Никогда я не мог представить себе, что воспоминания так настойчивы и тяжеловесны. Что была моя настоящая однообразная жизнь с этими занятиями и лекциями, экзаменами и зачетами без того ядра, к которому, казалось, все и притягивалось? Я никогда не воспринимал свое пребывание в университете как работу. Работали каменщики, грузчики, водители автобусов… А я только рассказывал детям о Бунине и Чехове. Честно говоря, я никогда не любил преподавать и чем старше становился, тем больше чувствовал разницу между собой и своими студентами. Они никогда не раздражали меня, я их любил как людей, но я понимал, что они никогда не поймут меня. И вовсе не потому, что они плохие. Просто они были другие. Сам язык великой русской литературы был им чужд, и я вижу, что большинство из них поступили на филфак только потому, что не сильны в точных науках. Эти хорошие, но примитивные, неотесанные девочки- подростки рассчитаны на восприятие исключительно грубых энергий, тонкие эфирные струи, к которым принадлежит настоящая литература, недоступны для них. Я знал, что после моих лекций девочки не становились лучше, не начинали любить изящную словесность. Они оставались такими же, какими были в своих деревнях и райцентрах, со своими папами-мамами, братьями-сестрами. Я был для них странным дяденькой из породы чудом не вымерших мамонтов, со своими, устойчивыми представлениями обо всем.
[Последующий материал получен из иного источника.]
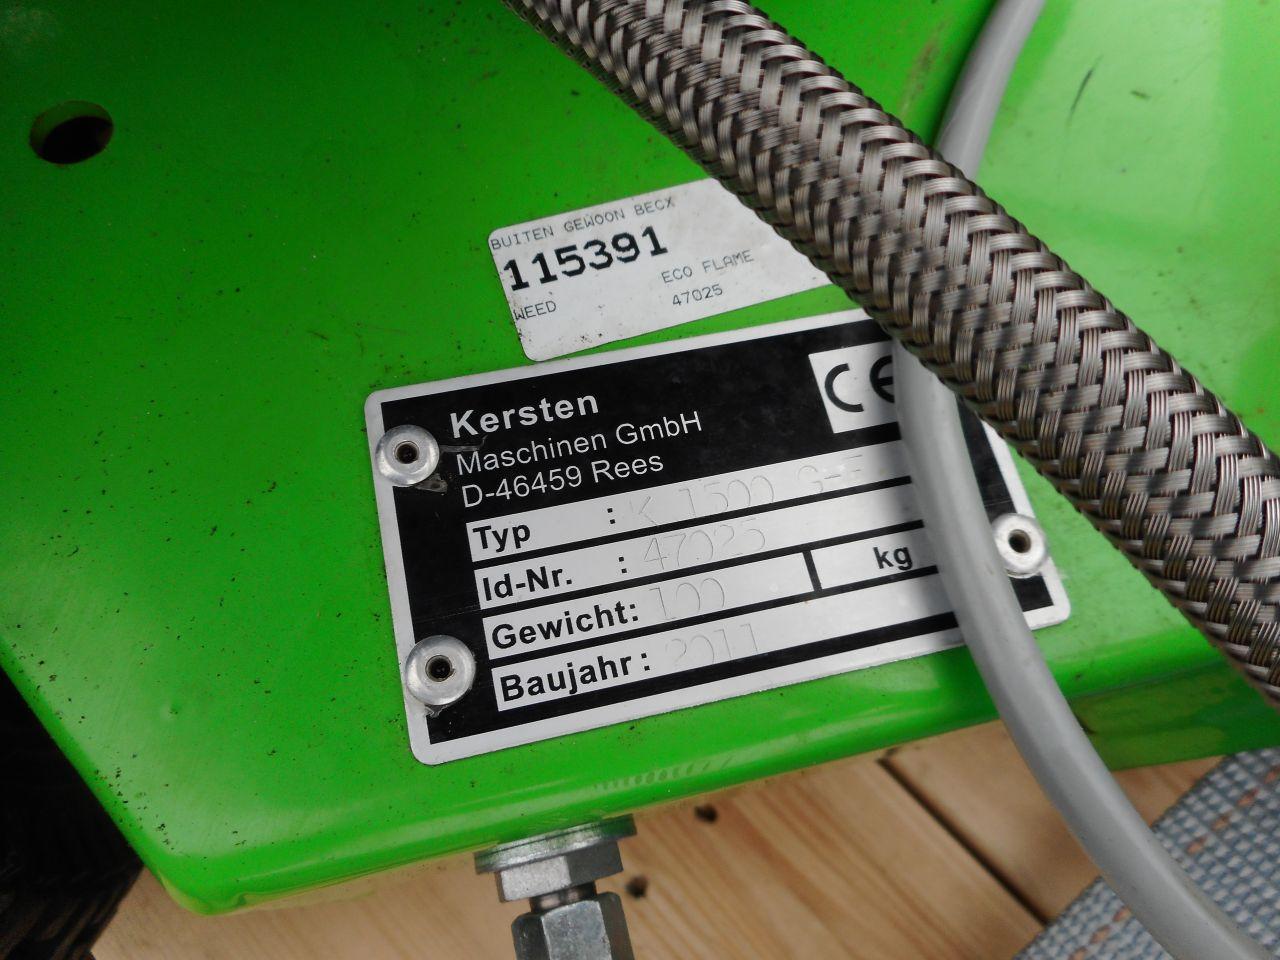 Weedcontrol air combi compact

И вот теперь, миновав сорокалетний рубеж, я впервые почувствовал себя исследователем. Я сам выбрал тему для себя и впервые почувствовал интерес — и научный, и человеческий. Может быть, это случилось потому, что за моим поиском не было ни диссертаций, ни авторефератов, ни кучи никому не нужных бумажек с печатями и подписями… За всем этим была настоящая, живая, не придуманная жизнь.
6
Большая желтая церковь в городе Лакинске. За церковью — источник со святой водой, часовенка, кладбище. Только припарковавшись возле этой церкви, я вдруг понял, что еду в Москву.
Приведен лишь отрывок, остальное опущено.